Another agency outside HHS that could play a role here would be the U.S. Patent and Trademark Office, particularly in working with HHS agencies. The Biden Administration has already begun to prioritize work in this area in support of its efforts to promote competition more broadly, and there is at least some bipartisan interest in Congress in PTO-FDA collaboration as well. The PTO and FDA have already publicly expressed their desire to collaborate on various issues regarding pharmaceutical patents, to ensure that patents — while an important part of incentives to innovate in the pharmaceutical sector — are not used unfairly to block generic or biosimilar entry.
One example of an area where the PTO and FDA have expressed interest in collaborating is to make sure that pharmaceutical companies are being consistent in the representations they make to the PTO and the FDA. For example, a company might want to emphasize the novel, innovative features of its product in dealing with the PTO to ensure it can obtain additional patents — while simultaneously downplaying those features to the FDA in an effort to speed their drug’s approval process. If the PTO and FDA were to share information about the representations companies are making during these review processes, it could help improve the quality of both agencies’ work.
More substantively, Medicare should consider the ways in which the IRA’s negotiation authority can be used to encourage manufacturers to engage in high-value innovation that delivers clinical benefits to patients rather than to churn out me-too drugs. Medicare has been working to move away from a payment model that incentivizes the provision of a high volume of services toward ones that encourage the provision of high-value services. Until now, however, those efforts have primarily been focused on health care services like, say, whether patients are readmitted to the hospital soon after their release, while goods such as prescription drugs have not been in their sights.
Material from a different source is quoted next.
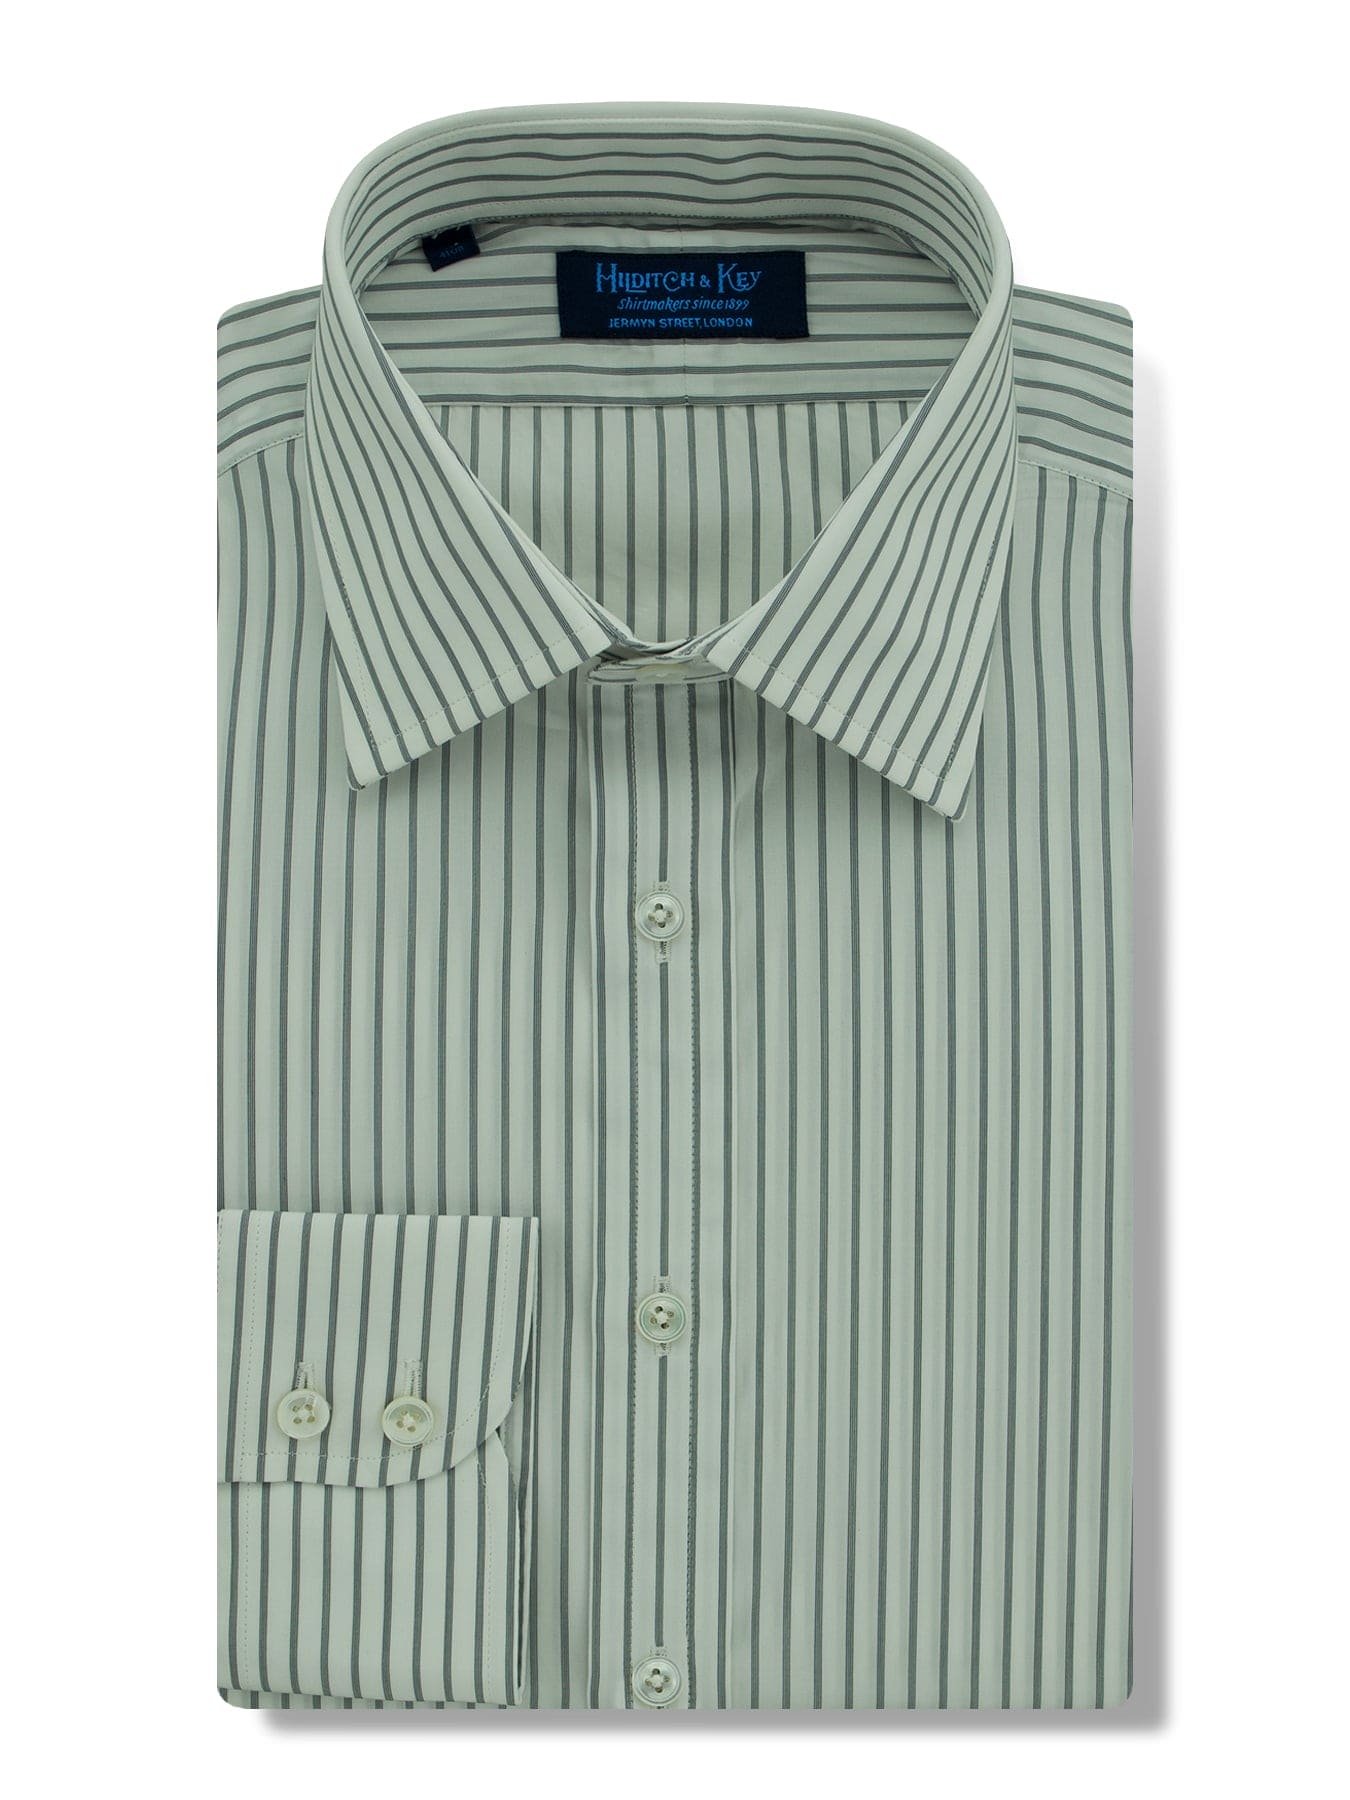 Contemporary Fit, Classic Collar, Two Button Cuff in Black & White Stripe

But a variety of elements of the IRA may allow a movement toward value-based reimbursement in pharmaceuticals. In price negotiations, Medicare must consider not only evidence regarding a drug’s comparative effectiveness and potential benefits over therapeutic alternatives (as noted above), but also whether the drug addresses “unmet medical needs.” The IRA should encourage manufacturers to develop information about the latter, rebalancing R&D in directions of innovation.
These potential impacts of the IRA help illustrate why industry’s arguments regarding the law’s impact on innovation are incomplete at best. BIO, the trade organization representing biotechnology firms, argued that the IRA will “kill innovation” and mean “fewer cures for patients.” To be sure, the CBO did conclude that the IRA would lead to one fewer drug being approved over the next decade, and an added 12 over the next two decades after that (out of about 1,300 drugs they expect to be approved over those 30 years). But importantly, CBO did not claim to analyze the “classes or types of drugs” that would be affected or their impact on health. That is, these analyses focused on the number — not the clinical value — of new drugs that would be expected to come to market. And to the extent that the IRA encourages Medicare to pay more for drugs that can demonstrate superior clinical benefits, the new law may differentially discourage research into me-too drugs as well as those less likely to satisfy unmet medical needs.
• • •
The drug provisions of the IRA represent a significant step in rationalizing the byzantine system of developing and distributing drugs that nevertheless restricts access for millions. But it plainly only represents the beginning of an uphill battle to contain prescription drug costs while being mindful of the tradeoffs, including implications for innovation.